Recorded data:

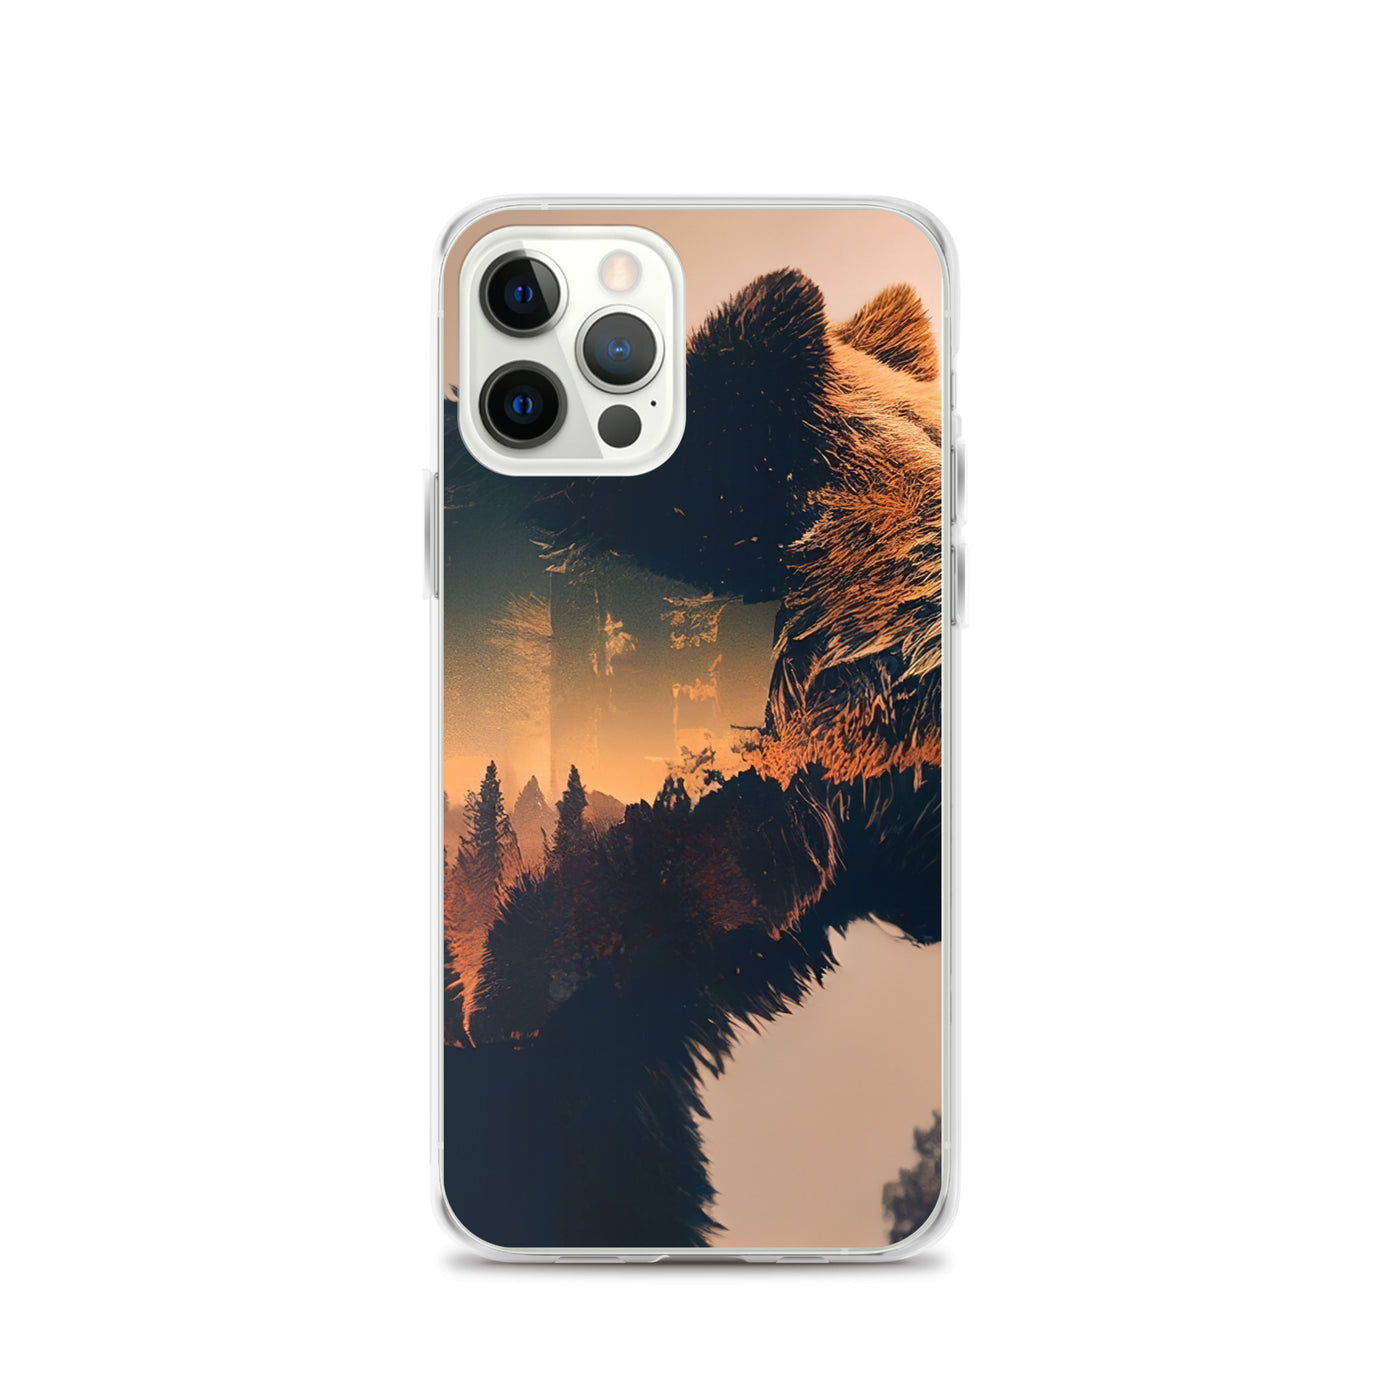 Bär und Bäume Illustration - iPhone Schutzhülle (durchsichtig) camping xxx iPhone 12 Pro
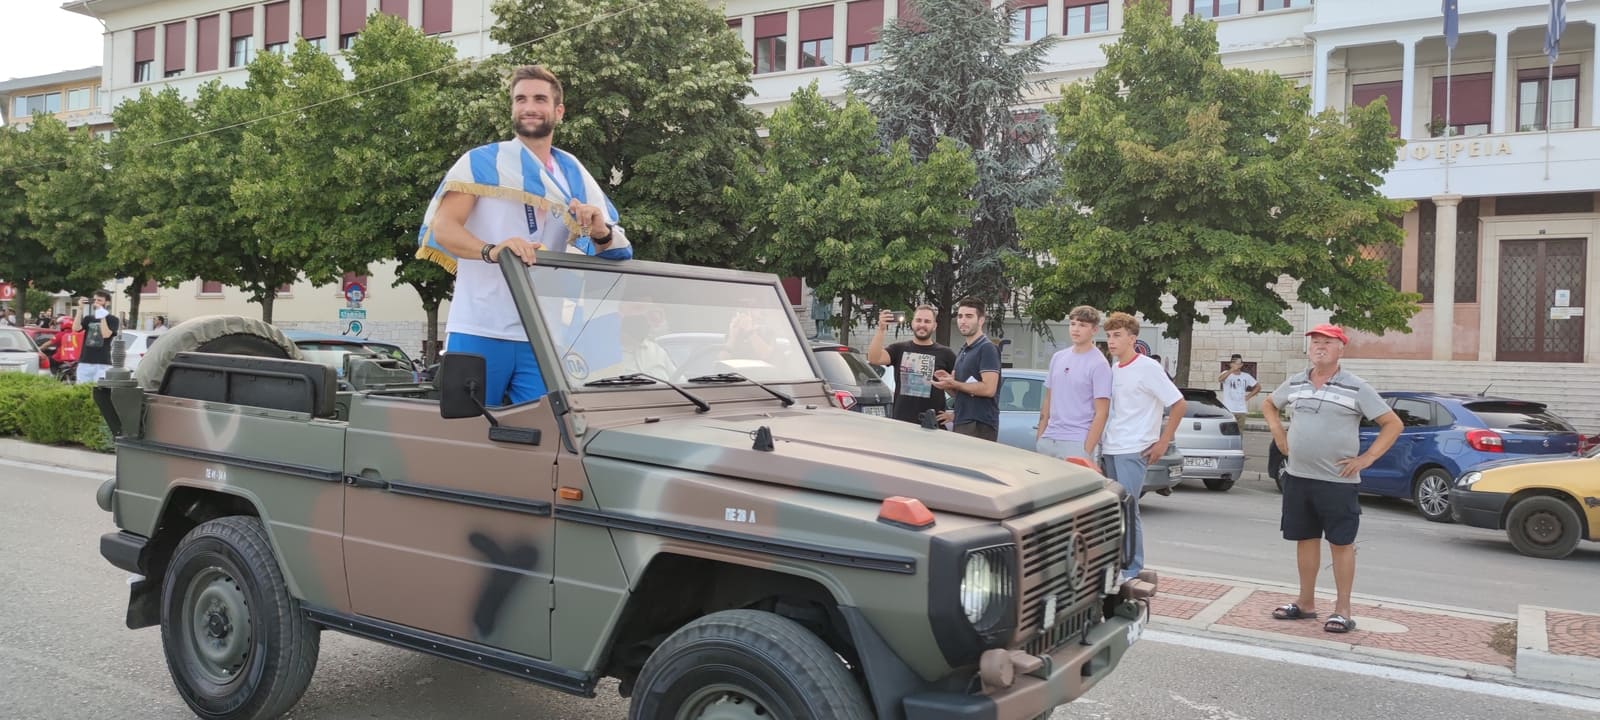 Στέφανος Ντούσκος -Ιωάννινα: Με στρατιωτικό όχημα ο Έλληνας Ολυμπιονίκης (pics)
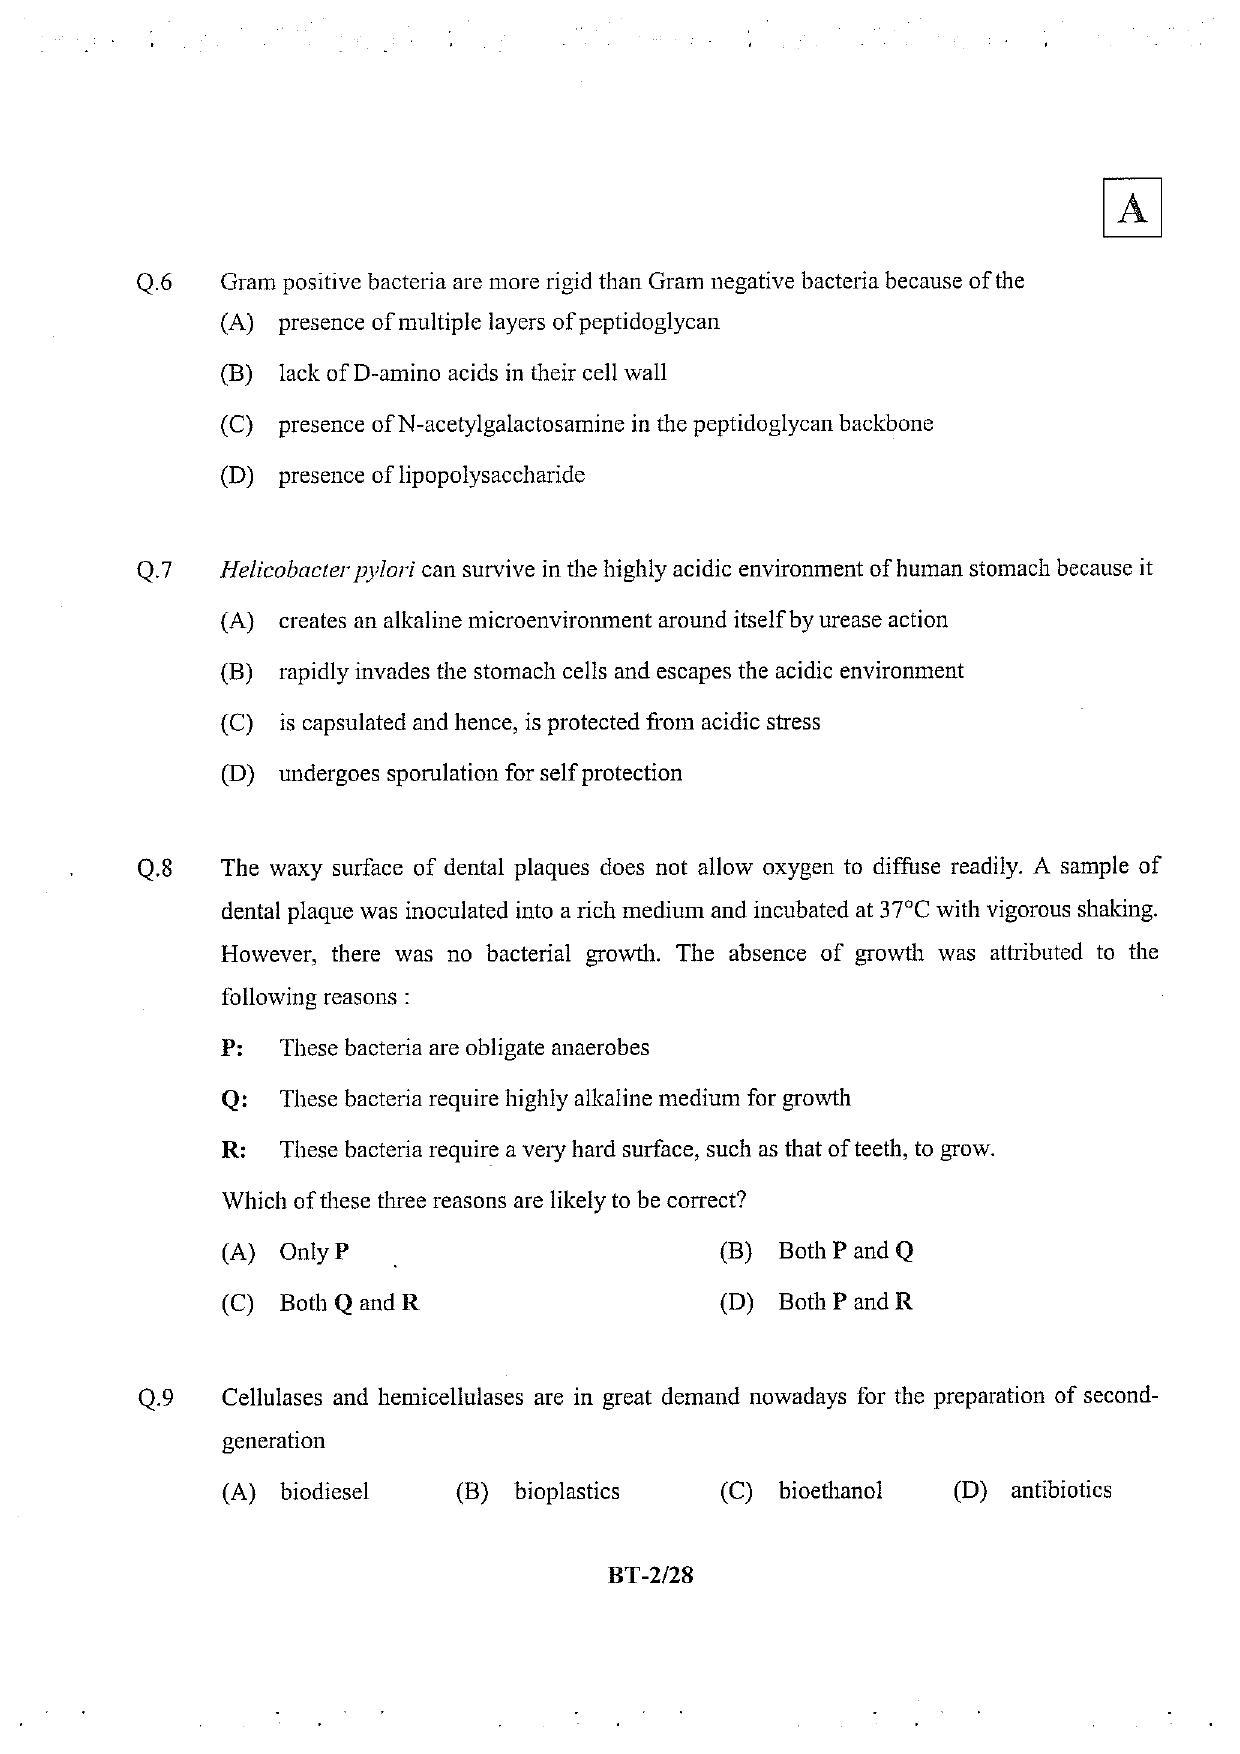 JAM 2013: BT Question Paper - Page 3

Exercise: Your response must reproduce the listing above word for word and must contain none of its pictures.

Written solution:
 Bär und Bäume Illustration - iPhone Schutzhülle (durchsichtig) camping xxx iPhone 12 Pro
 Στέφανος Ντούσκος -Ιωάννινα: Με στρατιωτικό όχημα ο Έλληνας Ολυμπιονίκης (pics)
 JAM 2013: BT Question Paper - Page 3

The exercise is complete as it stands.